That one day, in a mood of fierce impatience, had seized upon Anthony Adriance and hurried him through a range of feeling and experience such as Time usually brings in leisurely sequence, spaced apart. From Elsie's confidence in the morning, with its moving love and pride and awe he in nowise was afraid to name holy, he had gone to the spectacle of his friend's degradation in the tawdry restaurant. And as a completion, he had been confronted with the new and ugly vision of a father he could not honor.

He always had respected his father very sincerely, and felt more affection for him than either of them ever had realized. He had admired the success of the elder Adriance, and secretly regretted that he was not allowed to work with him or share it except by spending its proceeds. His hope of a reconciliation had not been all mercenary. Now all that was thrown down, an image overturned and shattered. He saw only a selfish, narrow-minded man, scheming to divorce a pretty woman from her husband in order that she might be free to come between his son and the unwelcome wife he had taken. For of course Elsie was judged by the servant's position she had held; there was no one to tell of her gentle birth and breeding. Anthony had understood this, and had looked forward with eager anticipation to enlightening his father, some day when his other plans were quite ready.

He had meant that day to be soon; now he knew that it would never come in the way he had fancied. And the loss of an ideal hurt. Masterson had told him the truth; there was no escaping the logical inference to be drawn from it. Anthony wasted no energy in trying, instead addressing himself still more closely to the work in hand.

He worked harder than ever, at the mill, but the buoyant enthusiasm was gone. Now he dreaded the possibility that Mr. Goodwin might speak to Mr. Adriance of the young man who bore his name and who was making such changes in the shipping department. For Anthony did not content himself with regulating the trucking system. He had inherited his father's ability, although the unused tool had lain undiscovered. His attention aroused, he found other slack lines, and indicated how to tighten them to taut efficiency. Mr. Goodwin visited the underground room more than once, observed and approved. Cook, won by the new man's tact that never slighted or criticised injuriously his former chief and present associate, aided him with warm co-operation. Anthony found his salary increased. When Ransome returned, after his illness, he was given a new position, upstairs.

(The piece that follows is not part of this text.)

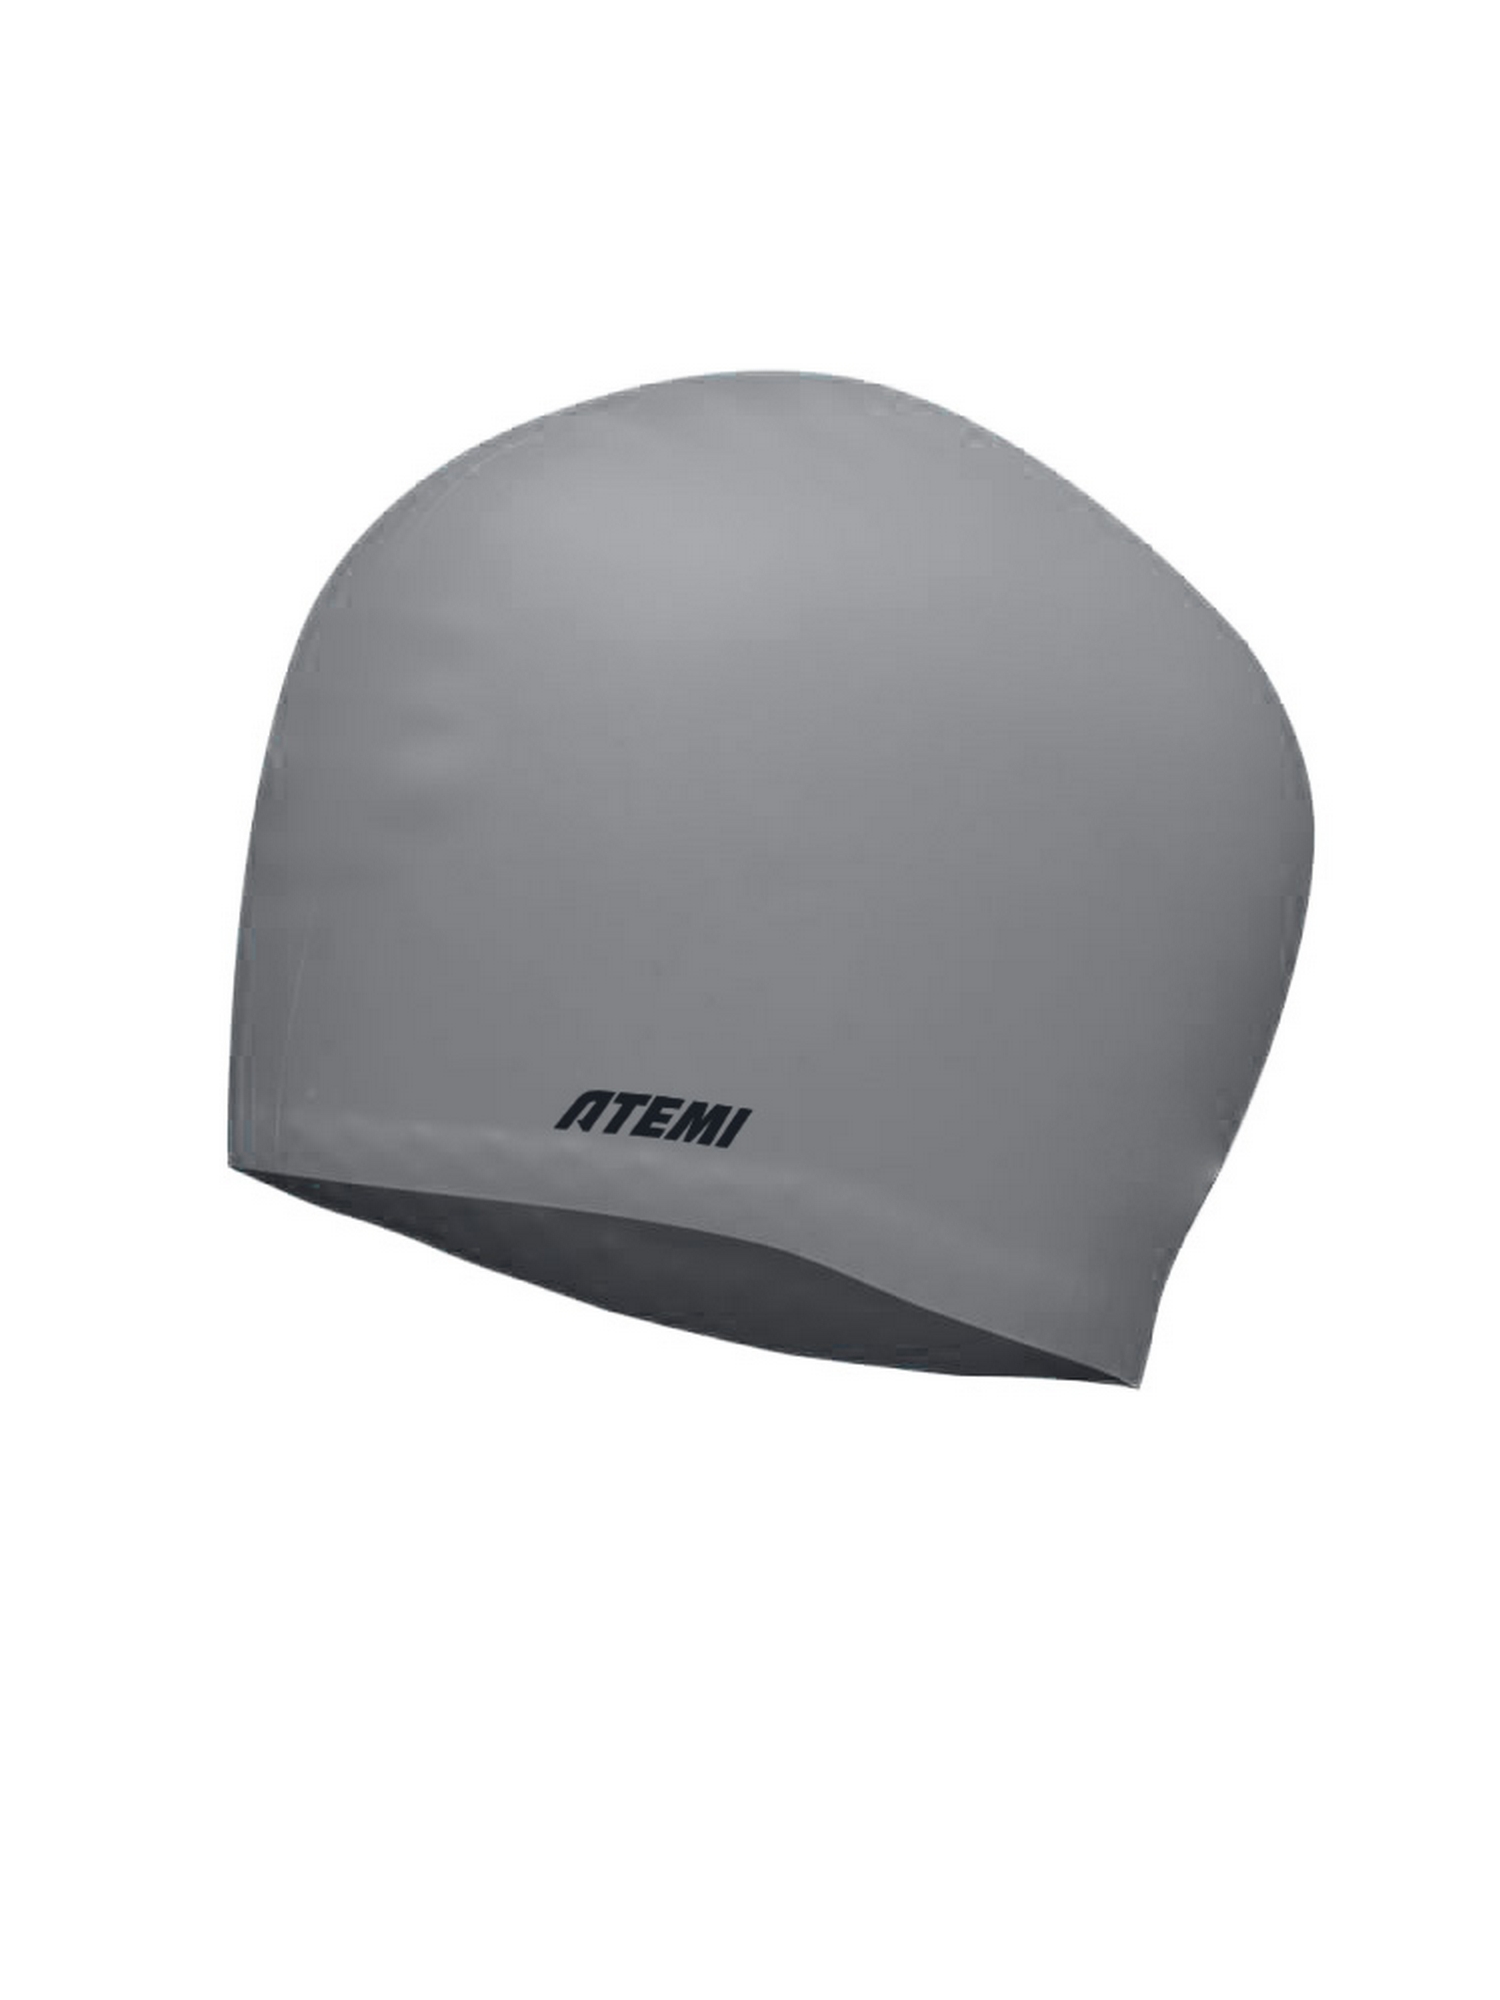 Шапочка для плавания Atemi long hair cap Asphalt grey TLH1GY серый 1500_2000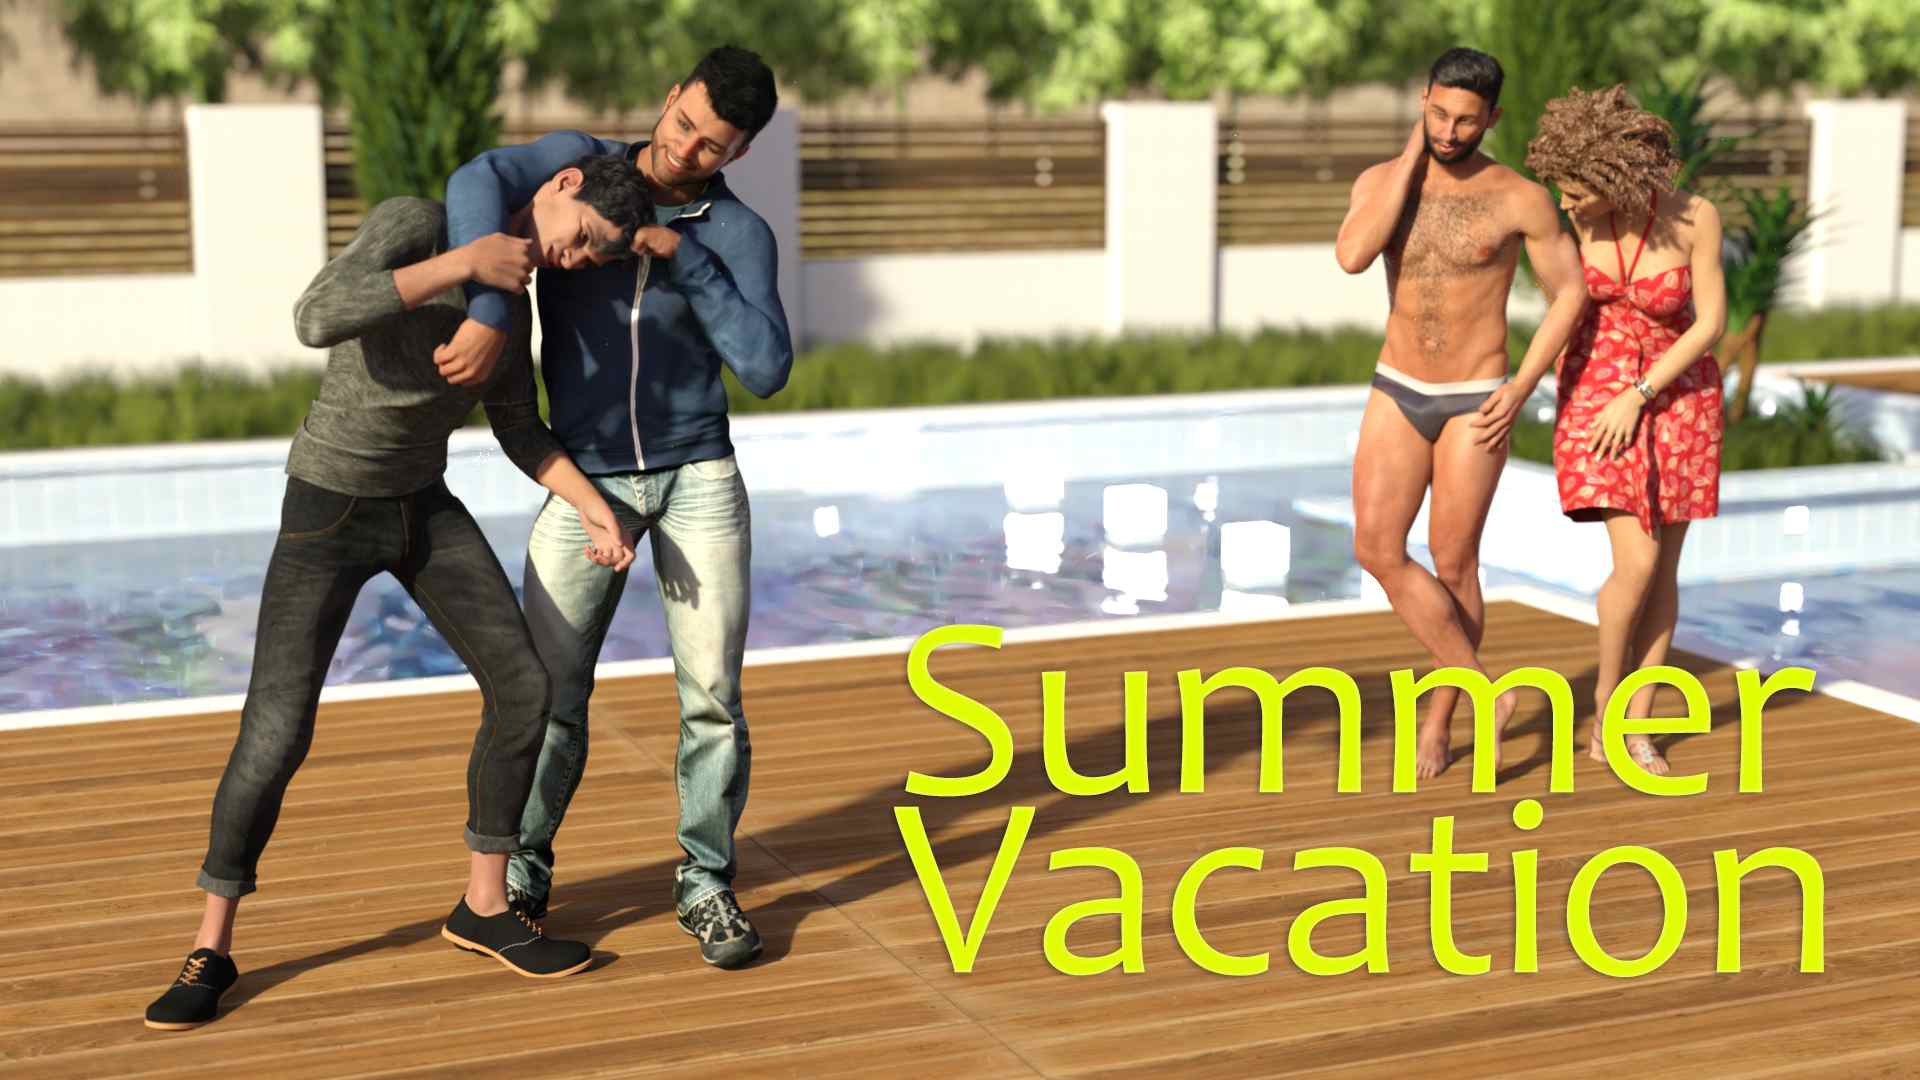 Summer Vacation [ErwinVN] Adult xxx Game Download

The evenings in the little red house were no longer entirely devoted to play, after that night spent abroad. Adriance took to keeping a book of records, in the form of cryptic notes and columns of figures. "Chauffeur's accounts," he called them, when Elsie questioned; and she laughed acceptance of the evasion, forbearing to tease him with curiosity.

Long before, there had arrived the replies to the letters of announcement he and Elsie had written to her parents, and Adriance had been touched home by the serious, graciously cordial welcome extended to the unknown son-in-law. He had promised himself, and Elsie, that some time a visit to Louisiana should be paid. Since that, she had described the neighborhood, the countryside and people, with her knack of vivid word-sketching, until all lay as clearly before him as a place seen. Now he recalled this with a new consideration.

"Do you remember the old house and plantation that you once told me about?" he asked her, one Sunday morning. "The deserted place, that had been for sale so long. Do you suppose it is still for sale?"

"It was, the last time Virginia wrote," she replied, regarding him questioningly. "She spoke of a picnic held under the old trees."

"If I—well, was crowded out of here, would you be content to try life down there? I remembered yesterday that I own some rather valuable stuff left me by my mother; nothing very much, just jewelry she had as a girl. I do not like the idea of selling it, but if I am forced into a corner, it would buy such a place for us. I have some ideas I would like to try out."

Elsie set down the salad-bowl with which she was busied; her rain-gray eyes grave, she considered her husband.